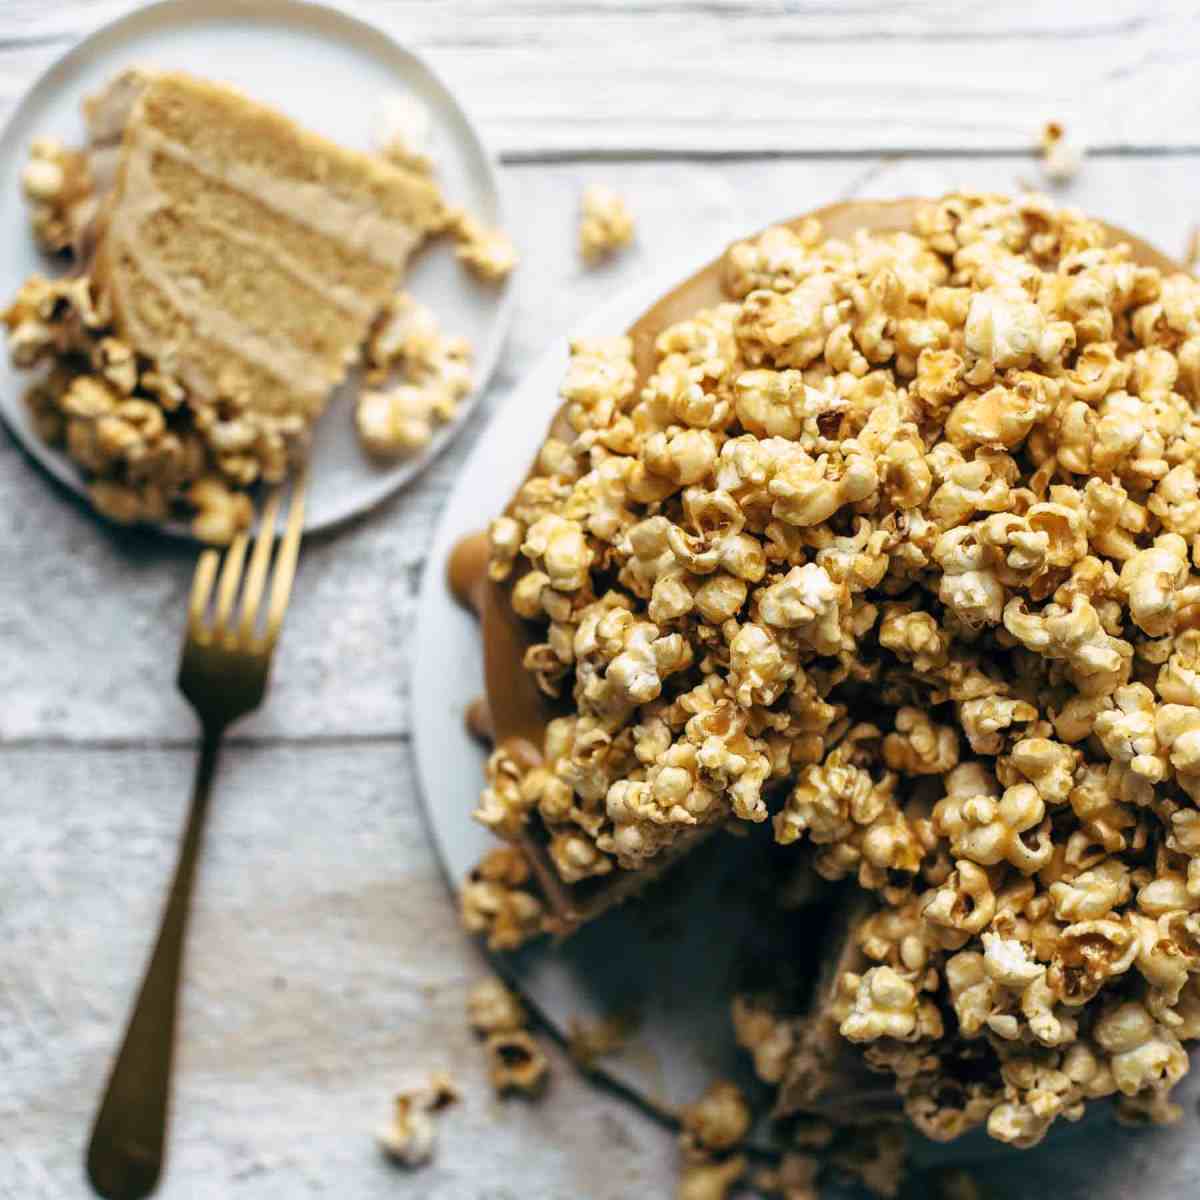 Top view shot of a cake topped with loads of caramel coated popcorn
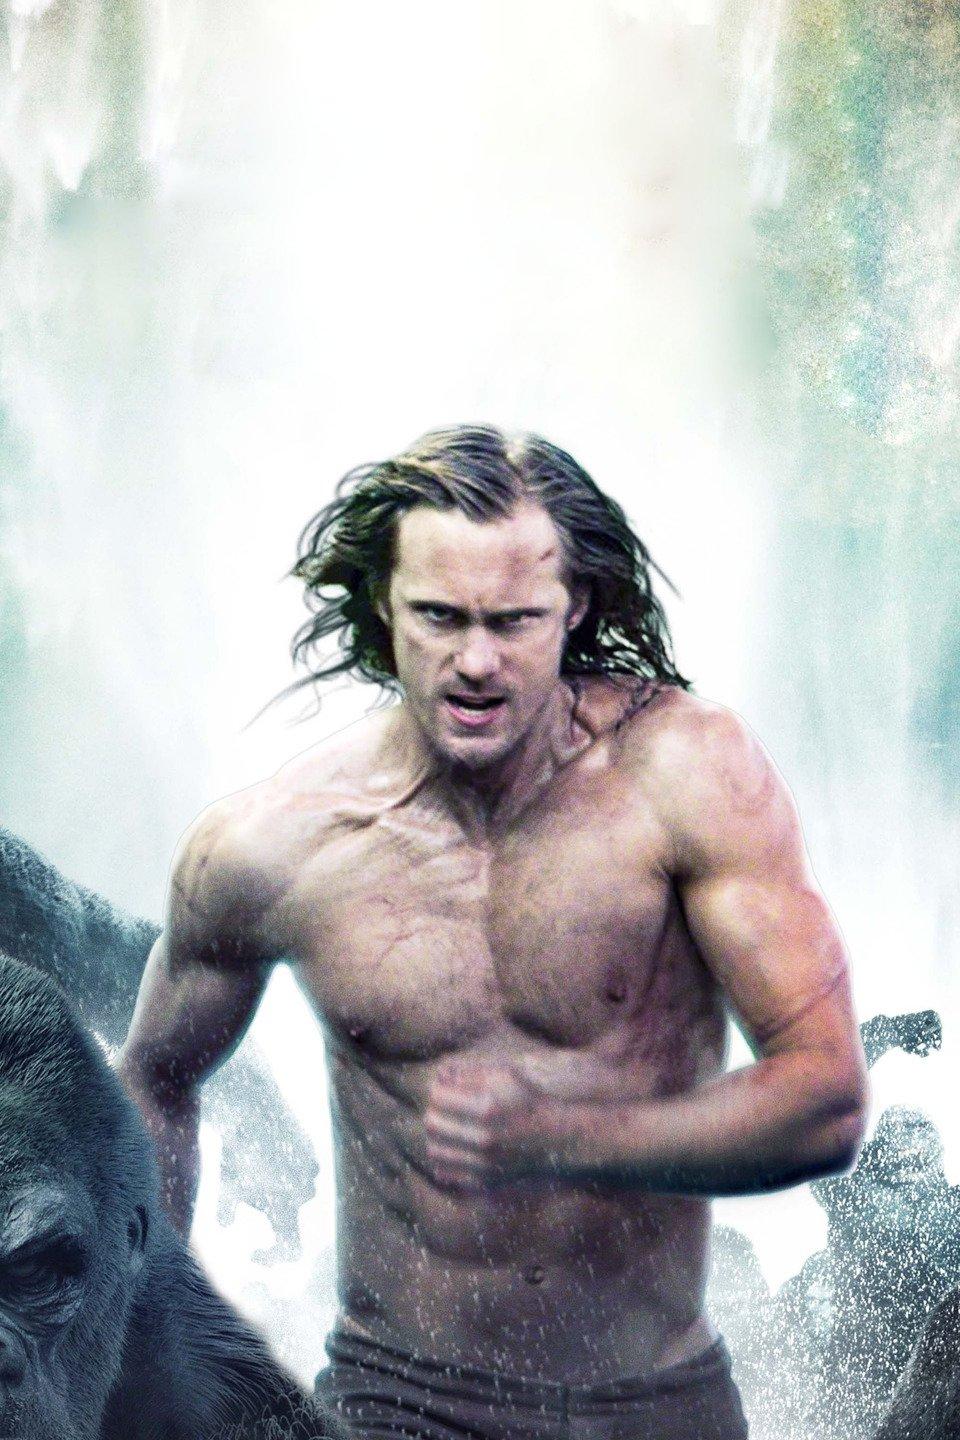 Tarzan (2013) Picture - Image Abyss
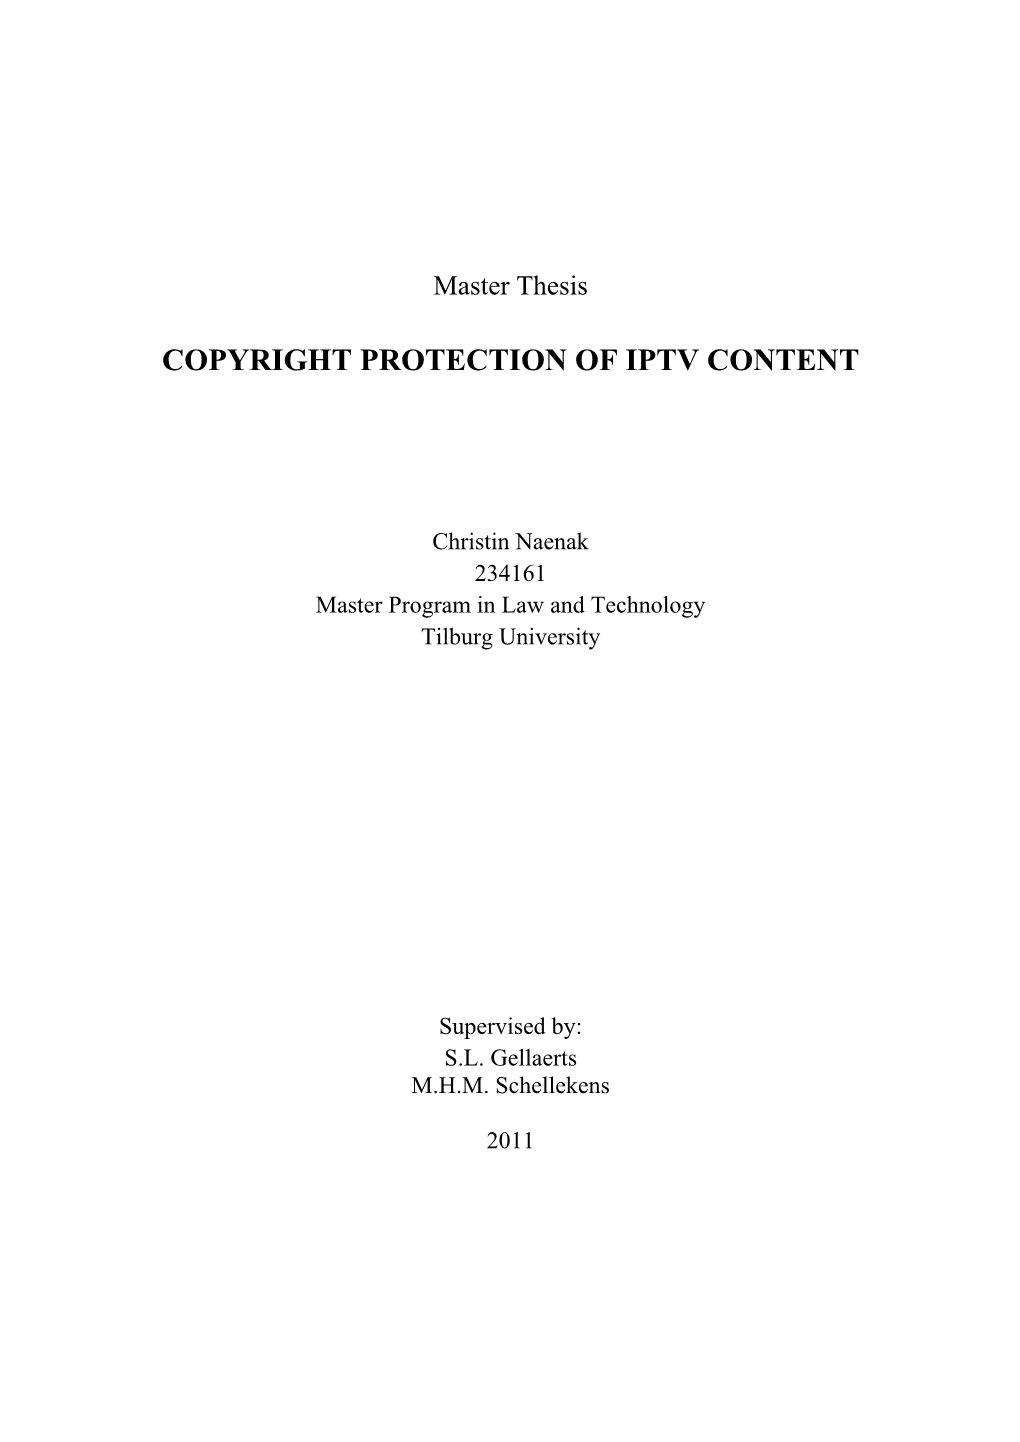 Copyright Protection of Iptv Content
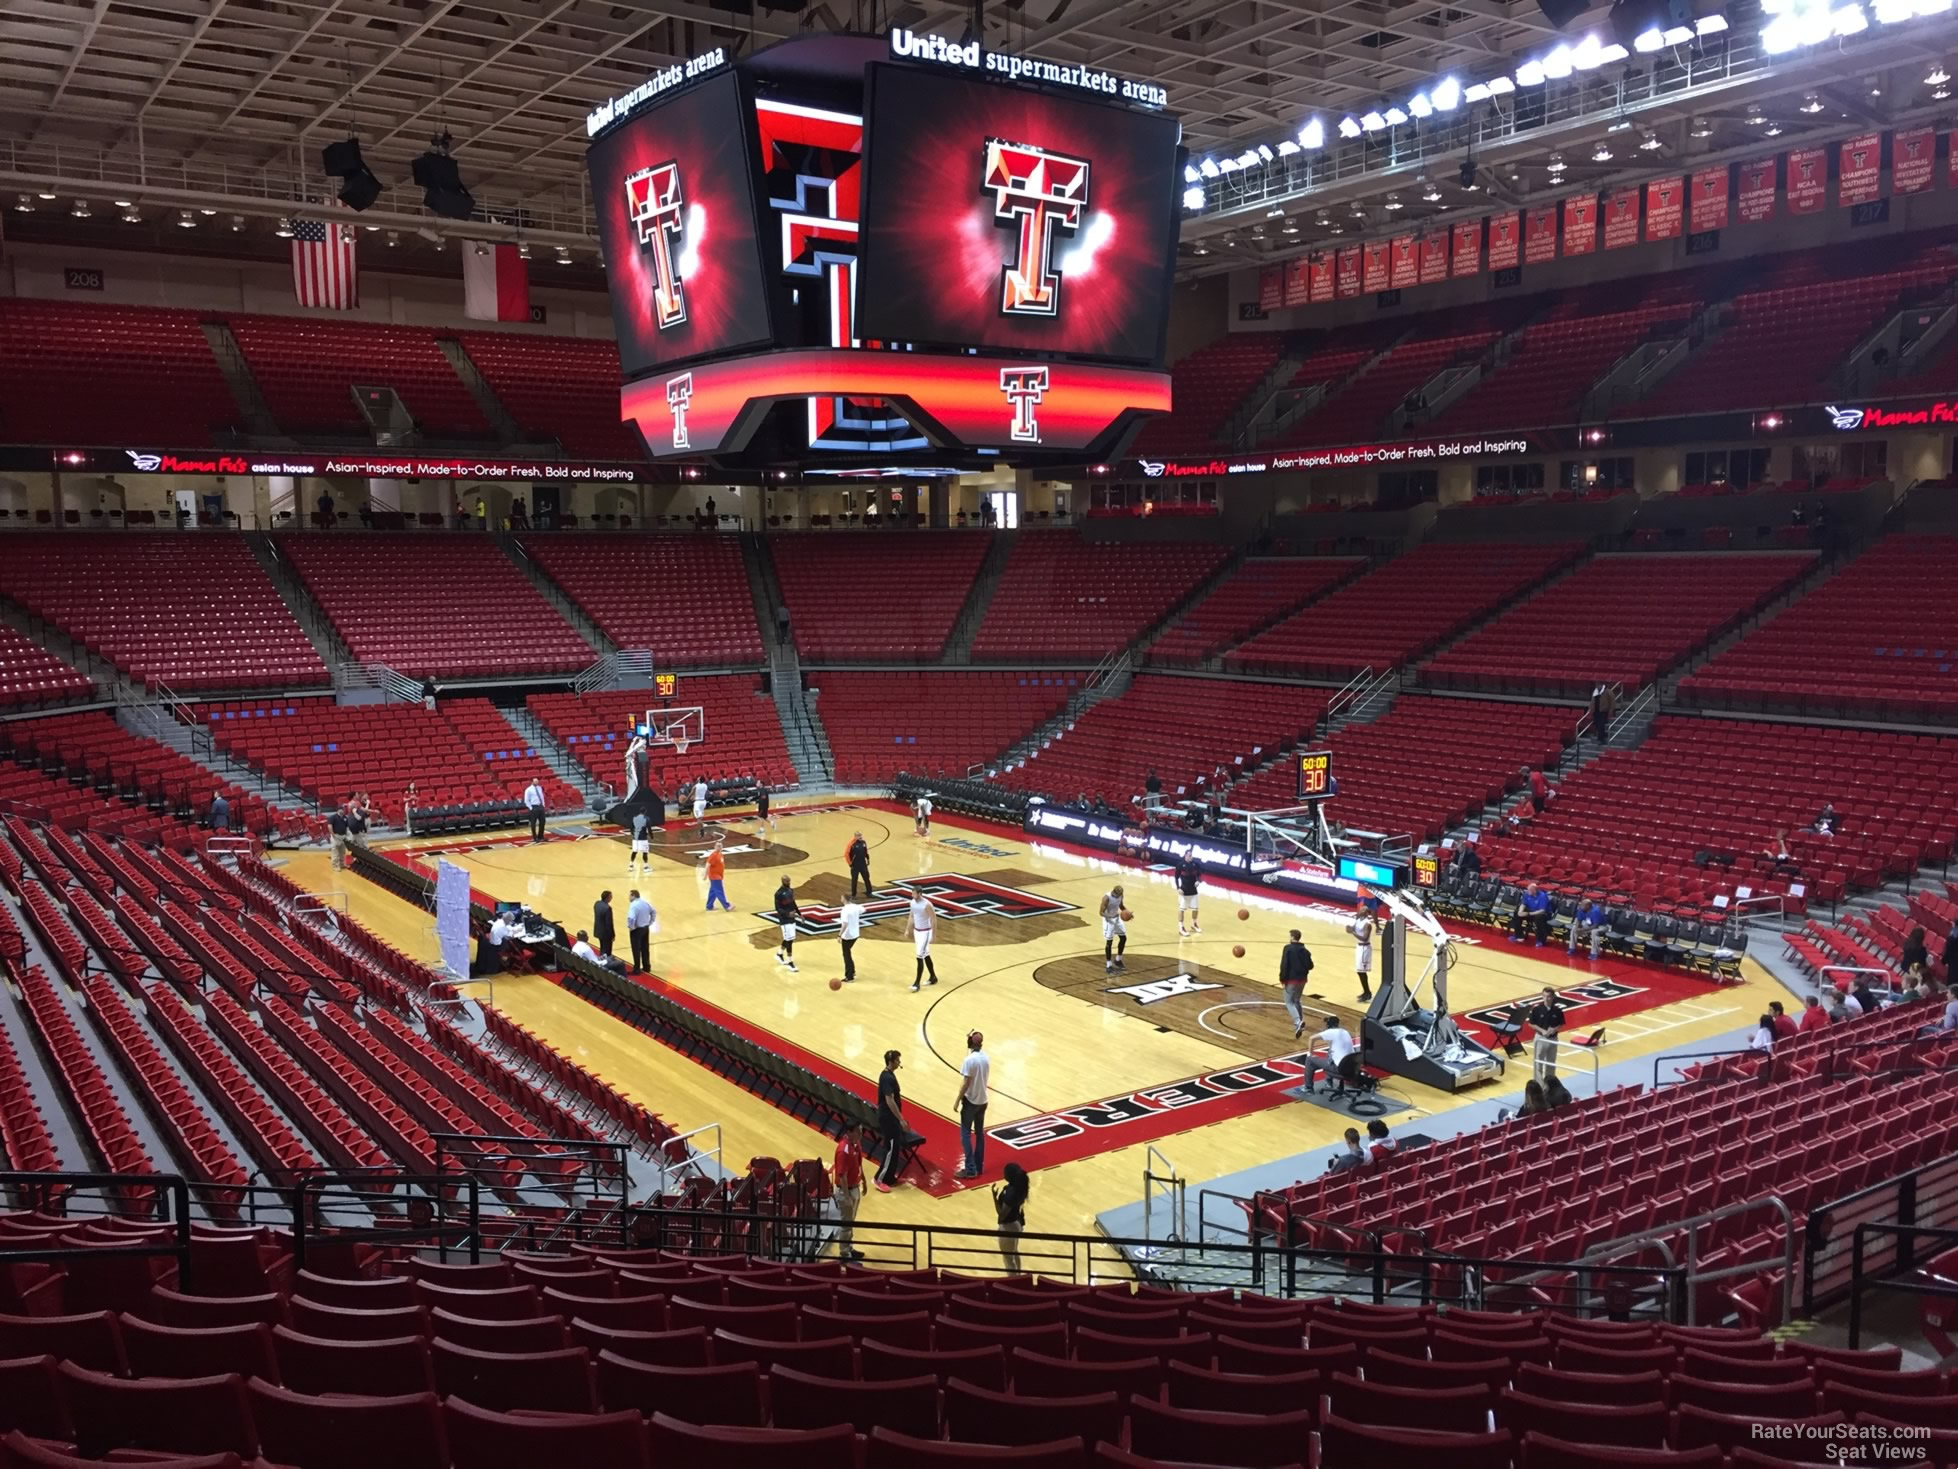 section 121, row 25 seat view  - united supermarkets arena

★ ★ ★ ★ ★ ★ ★

What you should do: Take the line containing "Copyright Protection of Iptv Content" and every line after it through the end of the data, and write them out exactly, with no pictures.

Output for this exercise:
 Copyright Protection of Iptv Content
 section 121, row 25 seat view  - united supermarkets arena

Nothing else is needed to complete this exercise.